## Exercise aim
Output exactly, in the material below, the lines from the one with "ARCELOR INTERNATIONAL ÇEL" through the one with "Morristown IN-Indiana, Kopper". Omit all pictures.

## Records shown
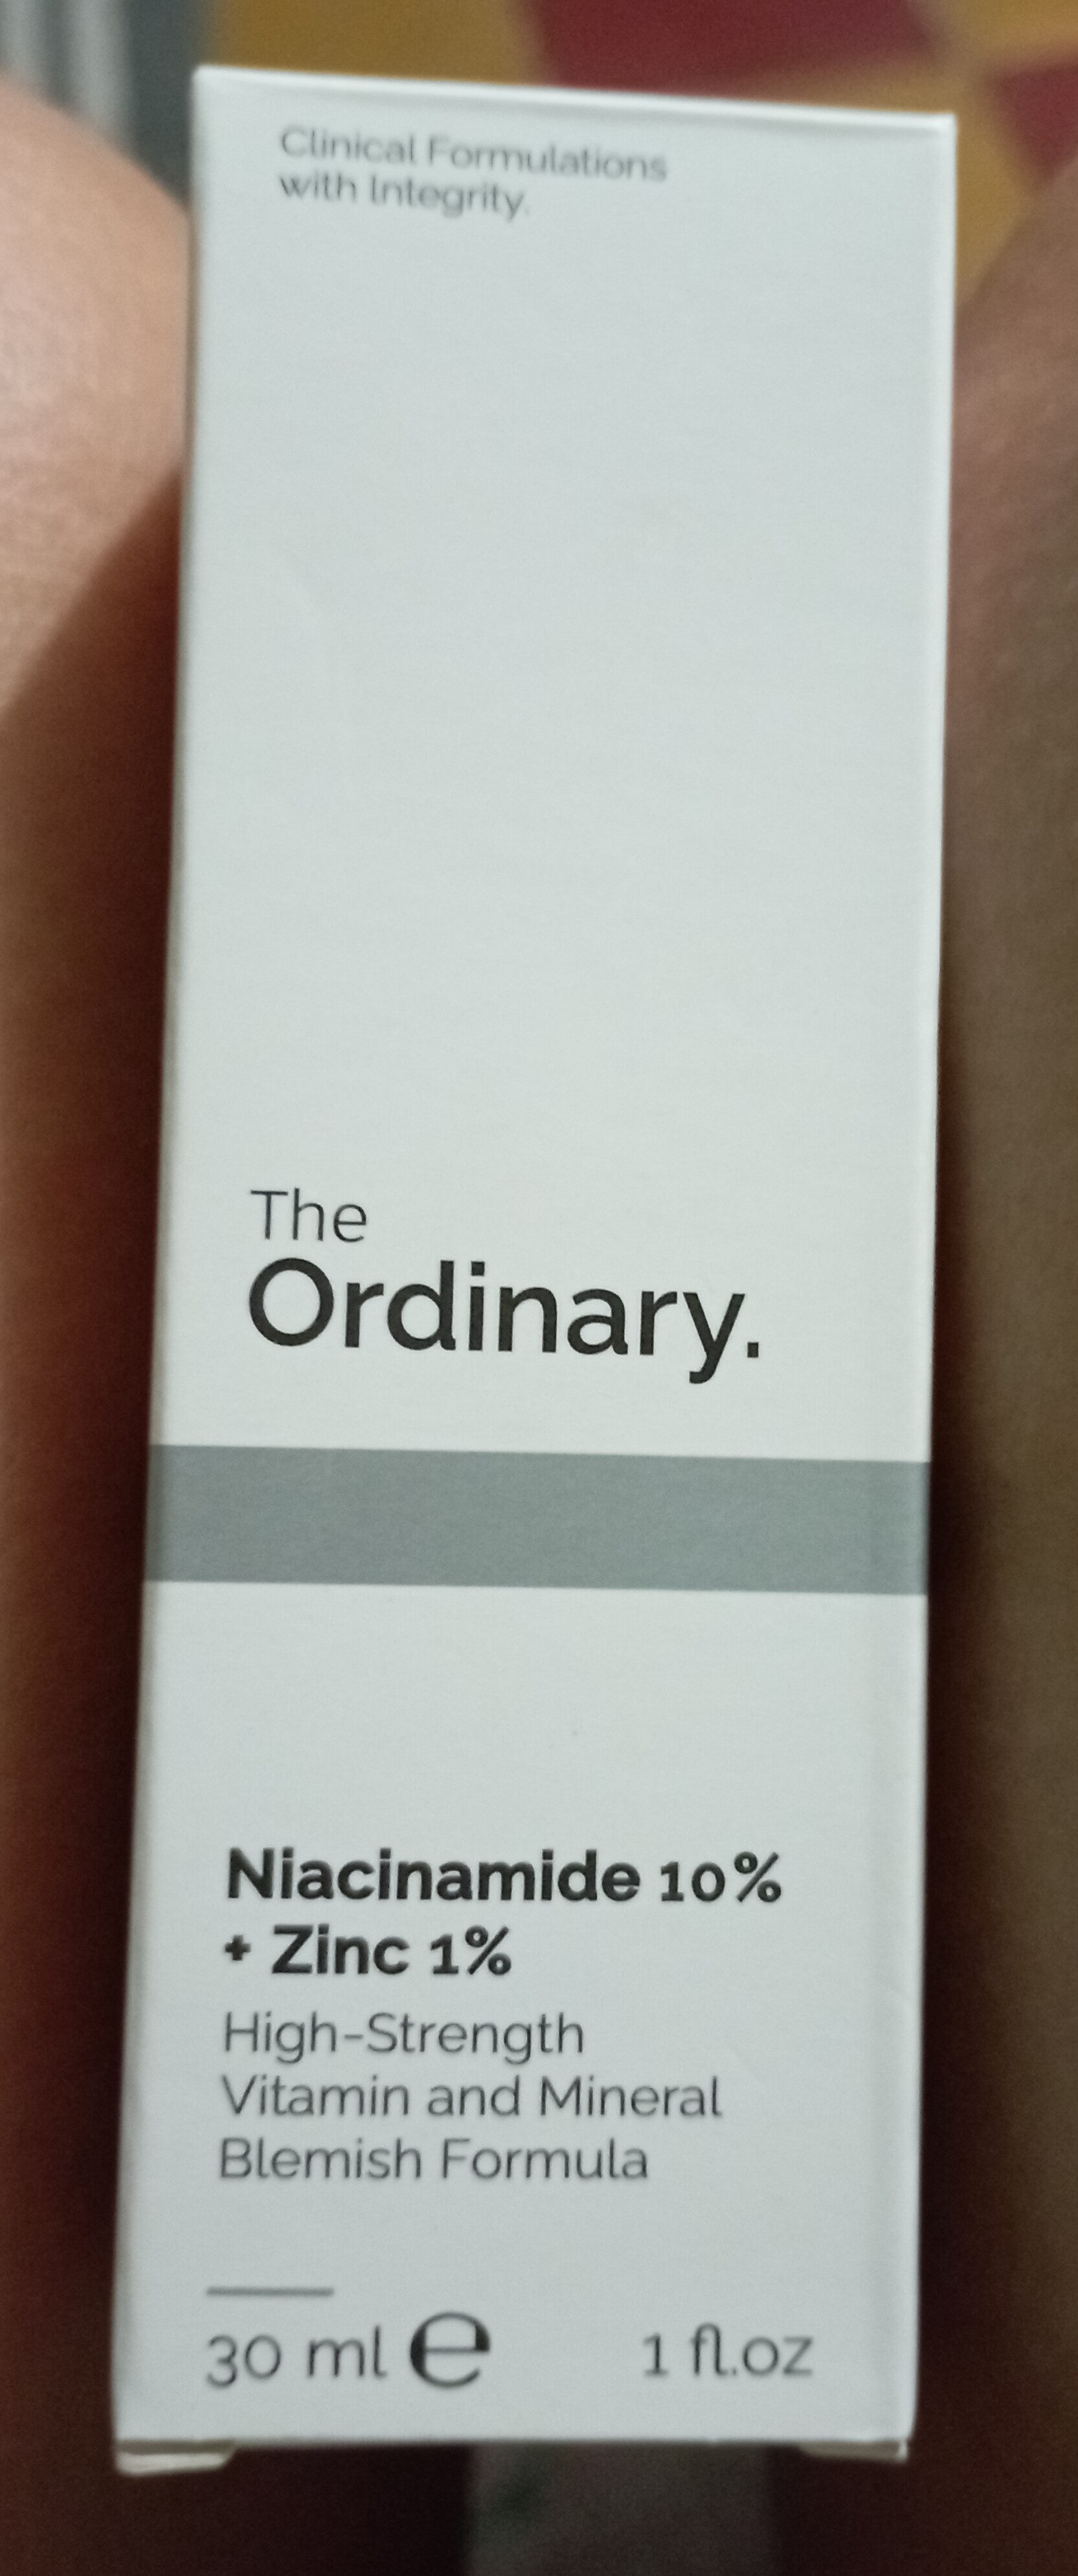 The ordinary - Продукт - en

---

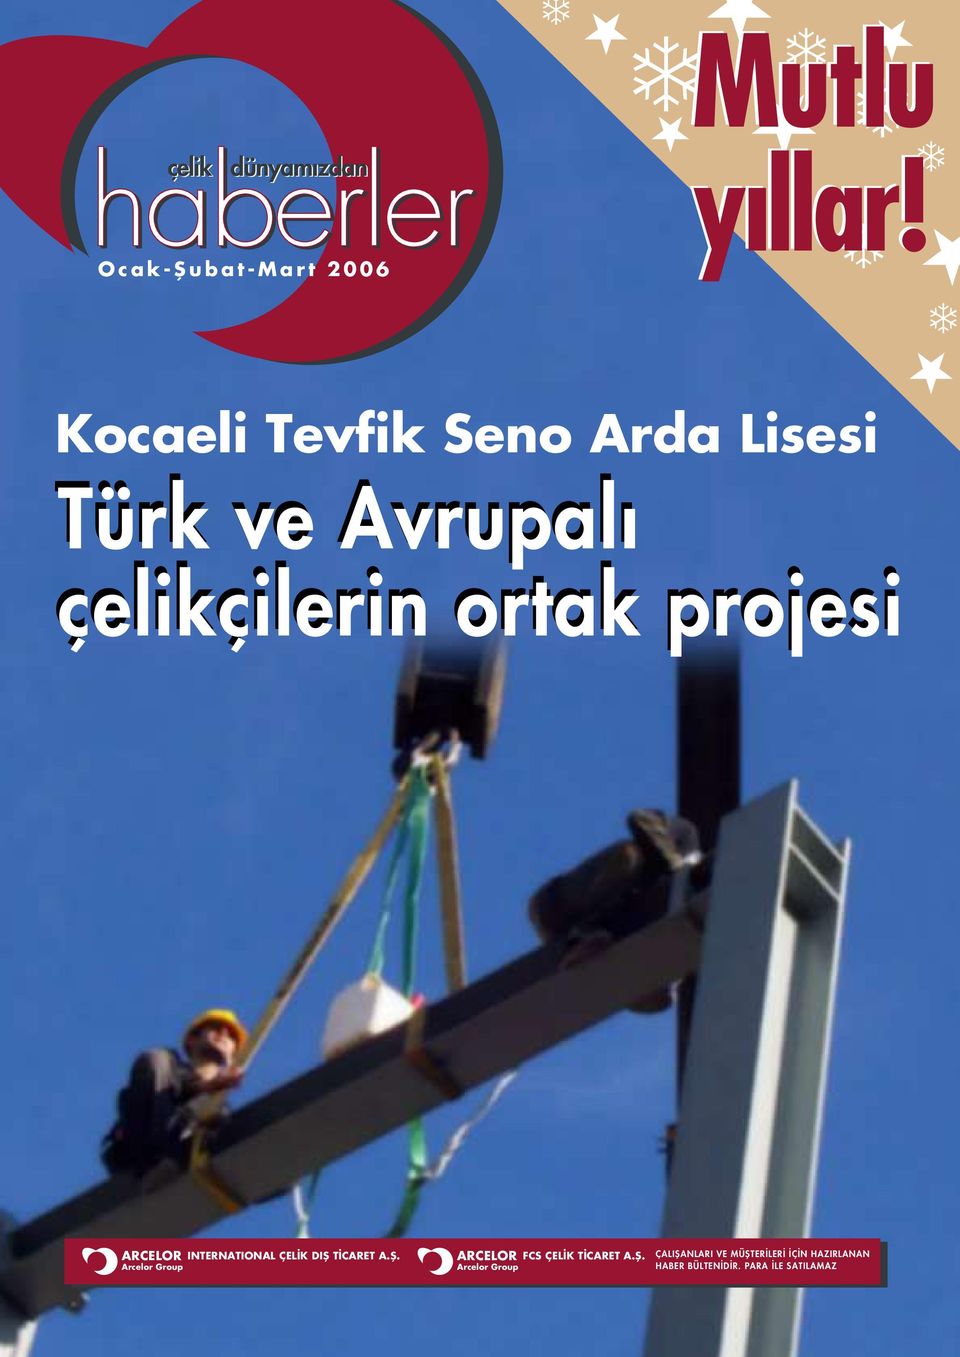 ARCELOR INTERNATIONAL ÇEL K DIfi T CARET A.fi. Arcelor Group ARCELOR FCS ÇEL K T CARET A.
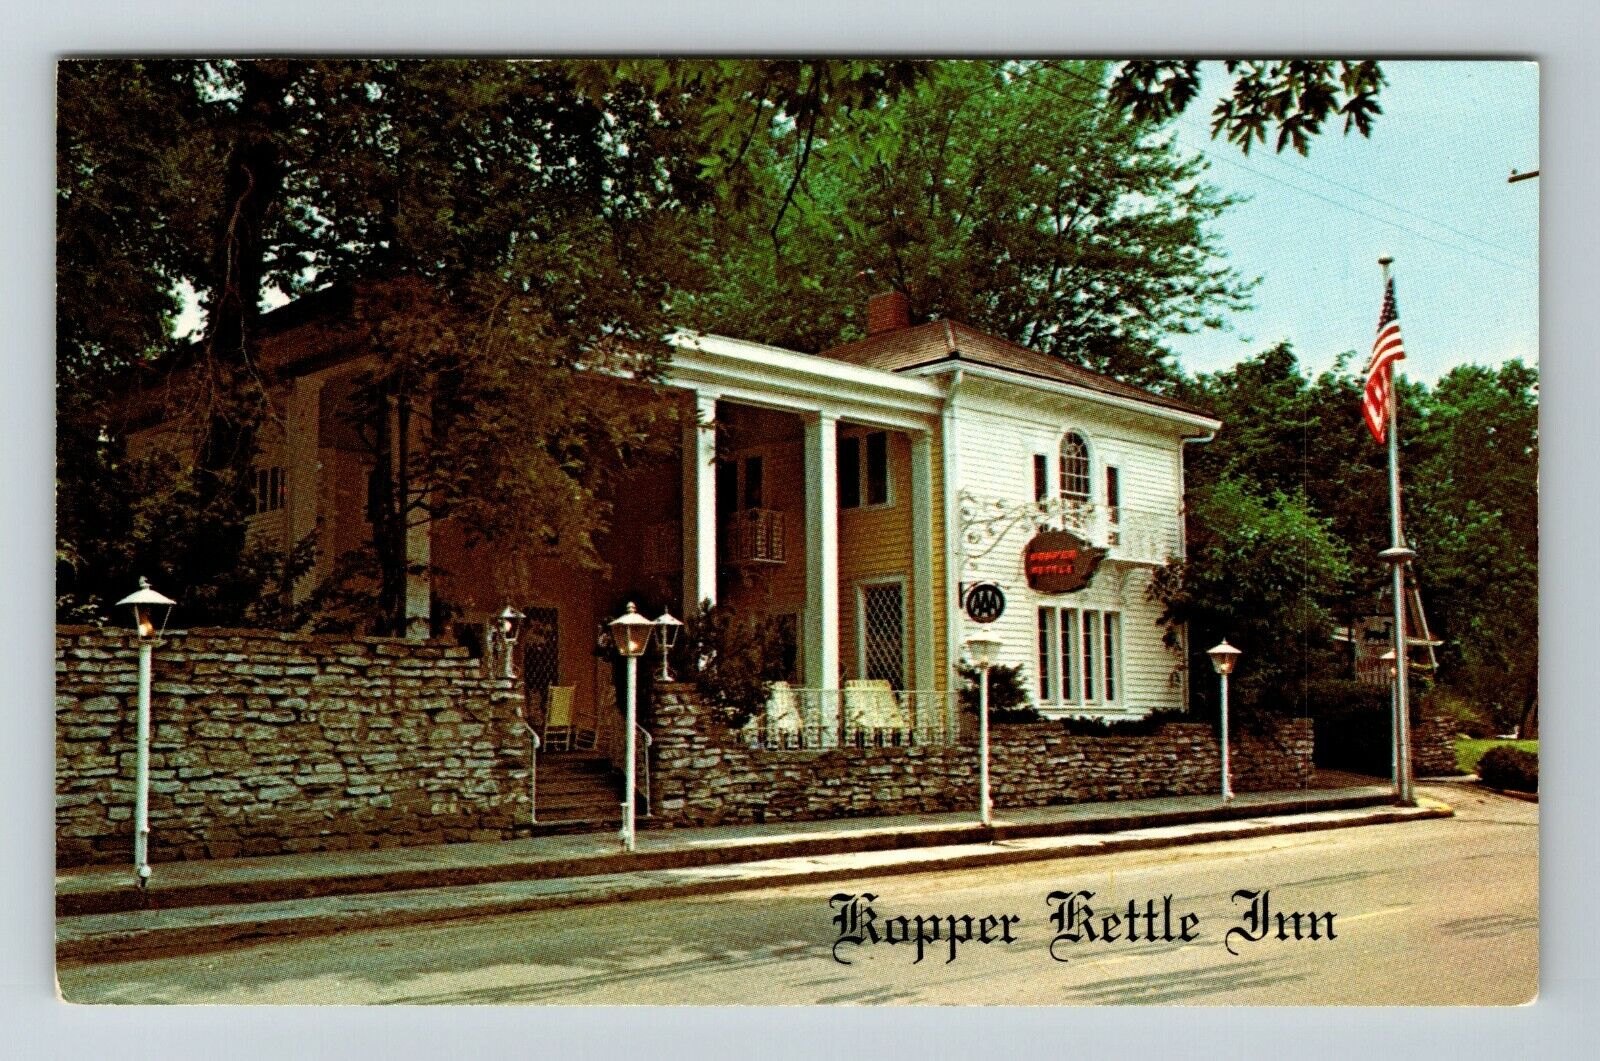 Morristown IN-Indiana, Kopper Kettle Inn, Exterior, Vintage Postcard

==

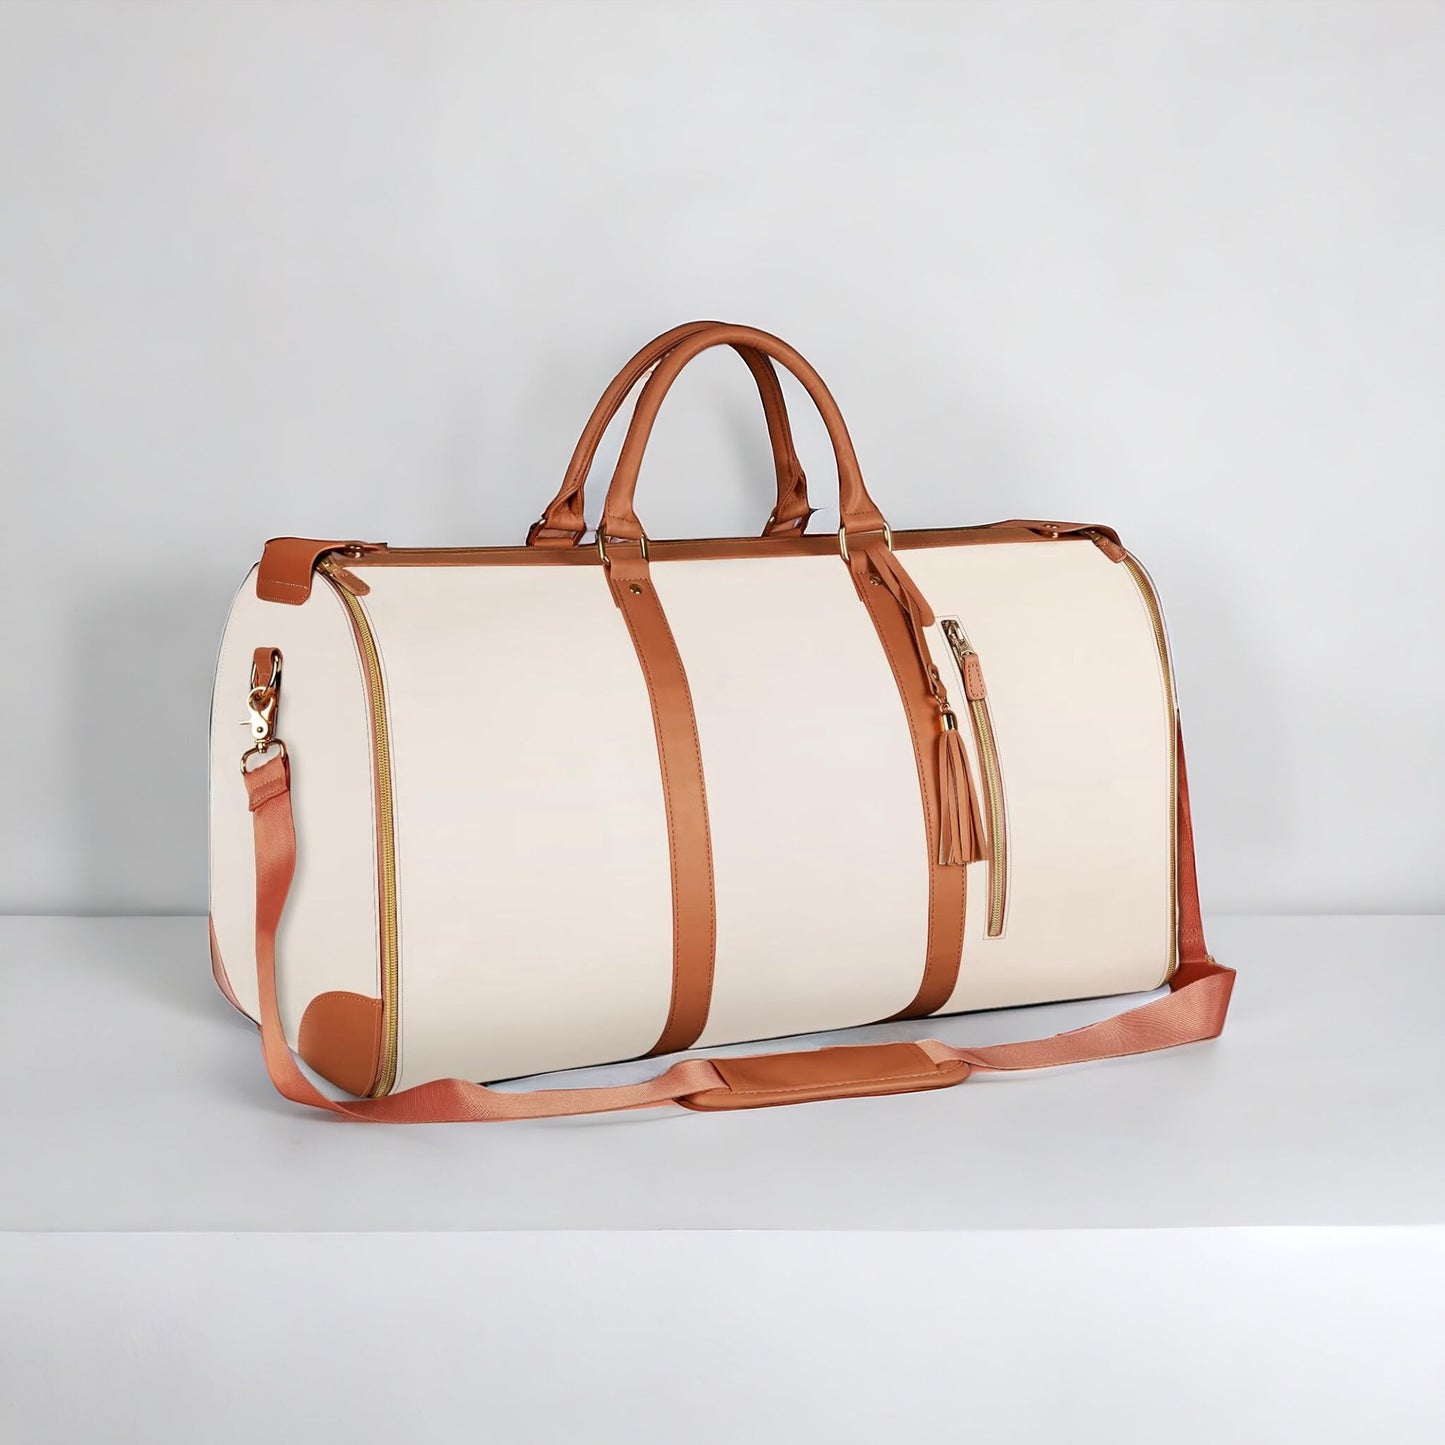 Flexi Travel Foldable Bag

## Reply to the task
 ARCELOR INTERNATIONAL ÇEL K DIfi T CARET A.fi. Arcelor Group ARCELOR FCS ÇEL K T CARET A.
 Morristown IN-Indiana, Kopper Kettle Inn, Exterior, Vintage Postcard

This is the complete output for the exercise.